Decision Diagrams for Discrete Optimization in Julia.

Provides a generic implementation of decisision diagrams (top-down construction of layered state transition graph). Implements a branch-and-bound algorithms with subproblems defined by nodes in an exact cutset of the diagram.

To support new problem classes, the several methods have to be implemented that are dispatched on the user-defined types for the instance, describing the states and transition functions.

The solver behavior (restrictions, relaxations, variable order, diagram width) can also be fully customized through user-defined layer processing.

Motivation

The package is mostly written as a learning experiment. Implementing an idea gives a deeper understanding of the challenges than just reading about it.

The appeal of decision diagrams for discrete optimization is two-fold:

1. The simplicity of the algorithm makes implementation from scratch a reasonable endeavor.
2. It seems that the DD-based branch-and-bound lends itself to parallelization, yielding better speed-ups than MIP solvers.

Limitations

This is (still) mostly a naive text book implementation. I'm sure there's room for improvement in the choice of data structures and avoing frequent allocation.

It's currently assumed that the objective function is to be maximized, and the transition values are combined by addition. That is, we're looking for a longest path in the diagram, using as arc weights the values of the transitions. In principle, one could also choose minimization or use another operator (multiplication, maximum), but this would require even more type parametrization.

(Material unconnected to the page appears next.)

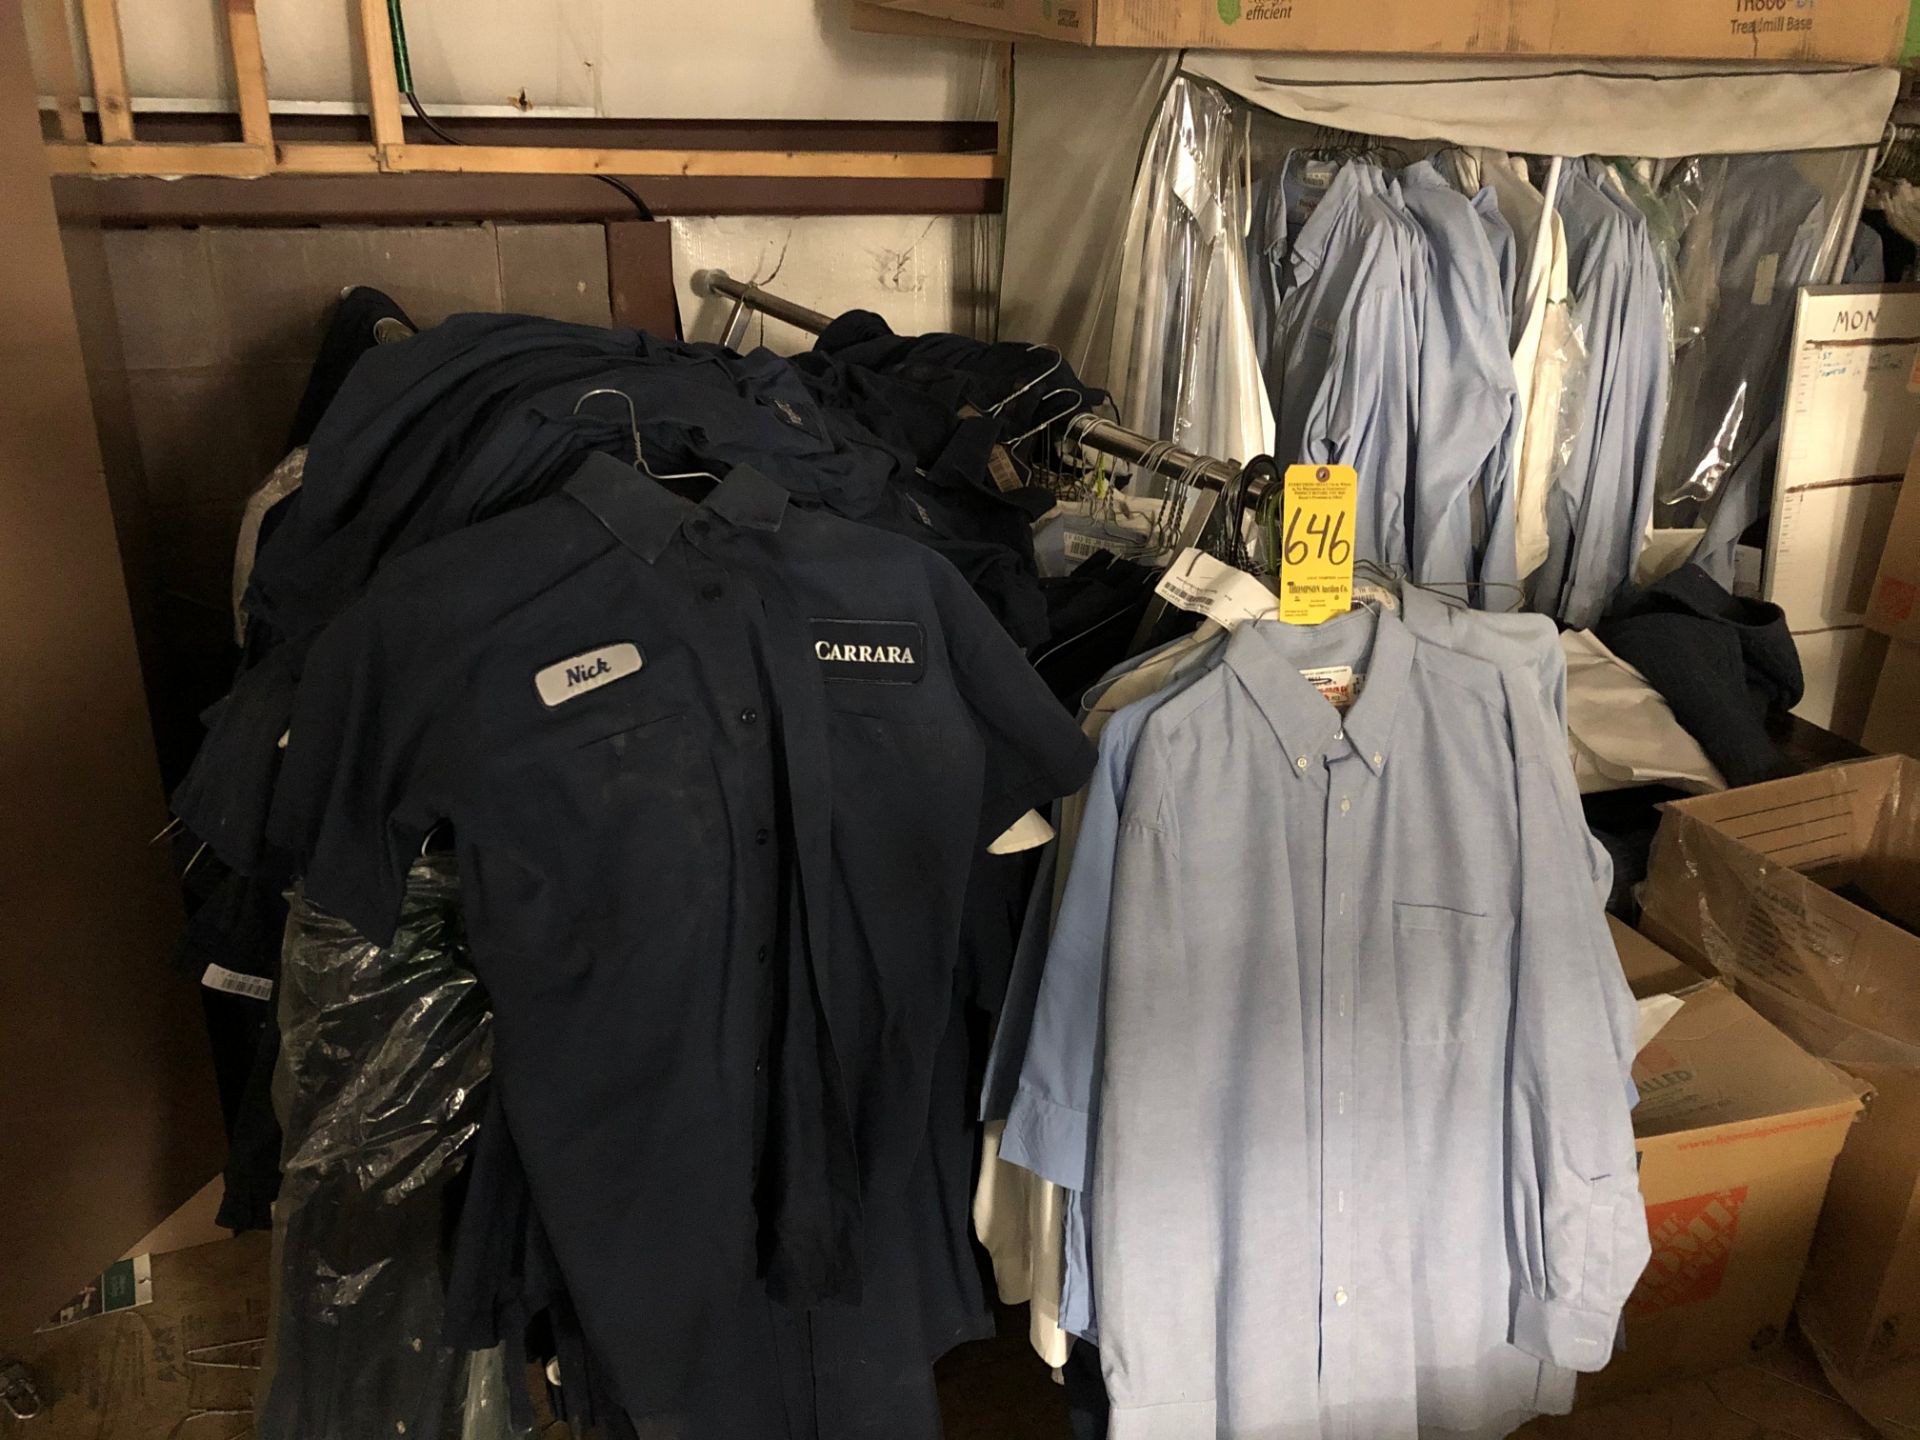 Work Shirts, (4) Clothing Racks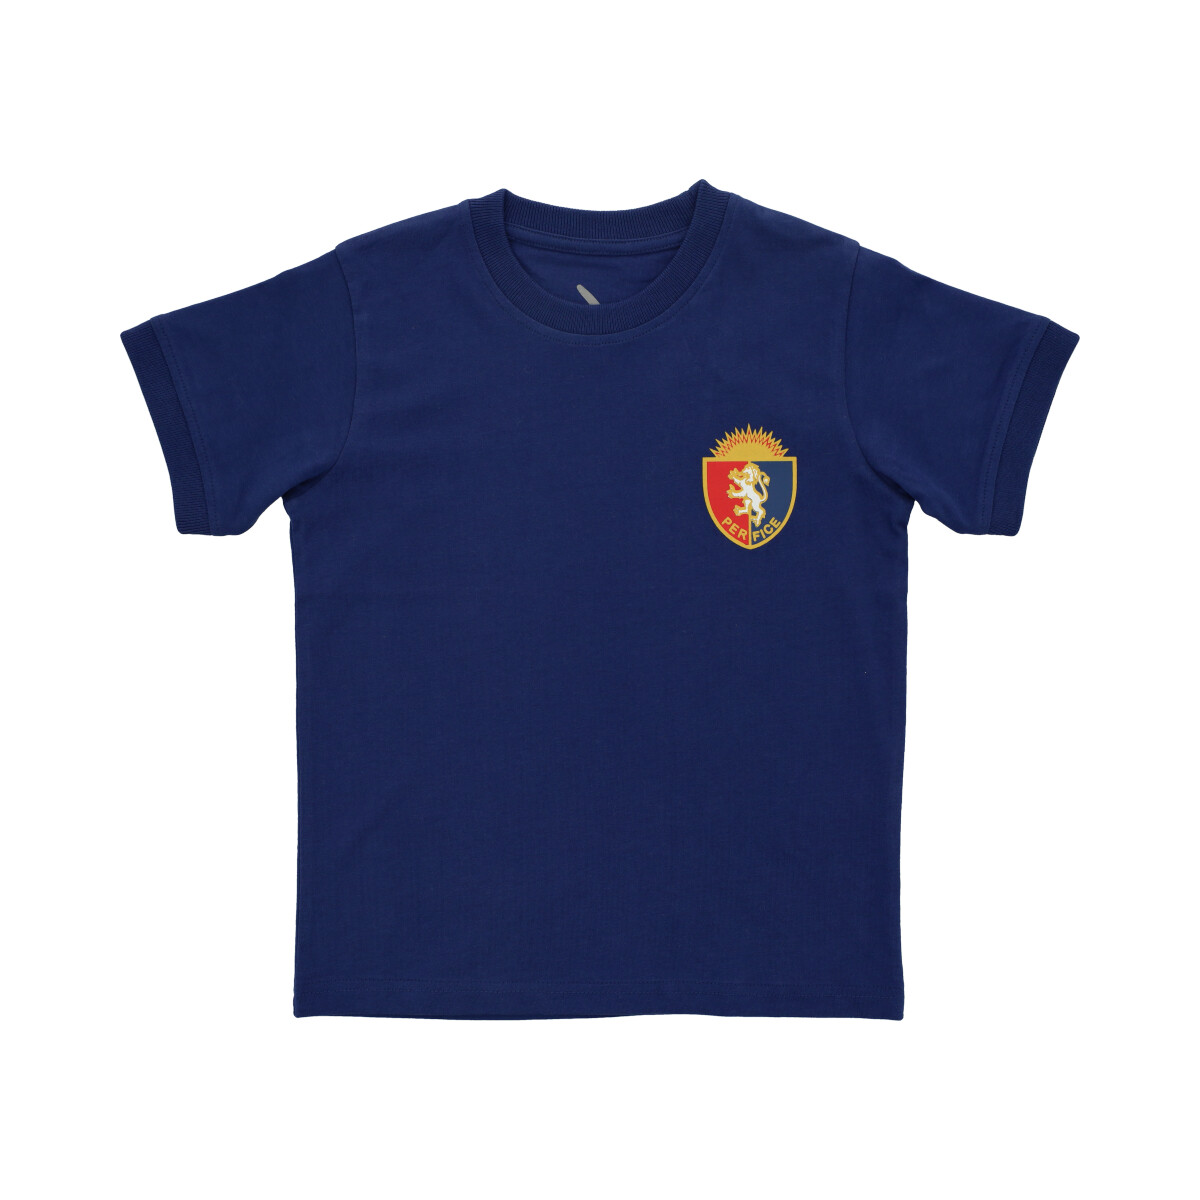 House T-shirts - Navy

The decision diagram does not keep all transition arcs, but computes the longest path on the fly. That is, after a new layer is created, each node only remembers a single ingoing arc. This simplification works OK for the purpose of finding an optimal solution, but it rules out other use cases, such as enumeration of feasible solutions or post-optimality analysis.

Problem Classes

Models and methods for some specific problem classes are also implemented in the context of this package as submodules. The main motivation is test-driving the current API, to make sure it's sufficiently general and not too verbose.

Currently included are:

• Binary Knapsack Problem.
• Set Cover Problem.

References

The implementation is informed by the book Decision Diagrams for Optimization by D Bergman, A Cire, WJ van Hoeve and J Hooker.

The MDD website also contains a lot of valuable resources, in particular the INFORMS article Discrete Optimization with Decision Diagrams.

Contributions

Pull requests with various forms of contributions are very welcome. In particular, I would appreciate suggestions to simplify the current interface, improve overall performance or cover more problem classes.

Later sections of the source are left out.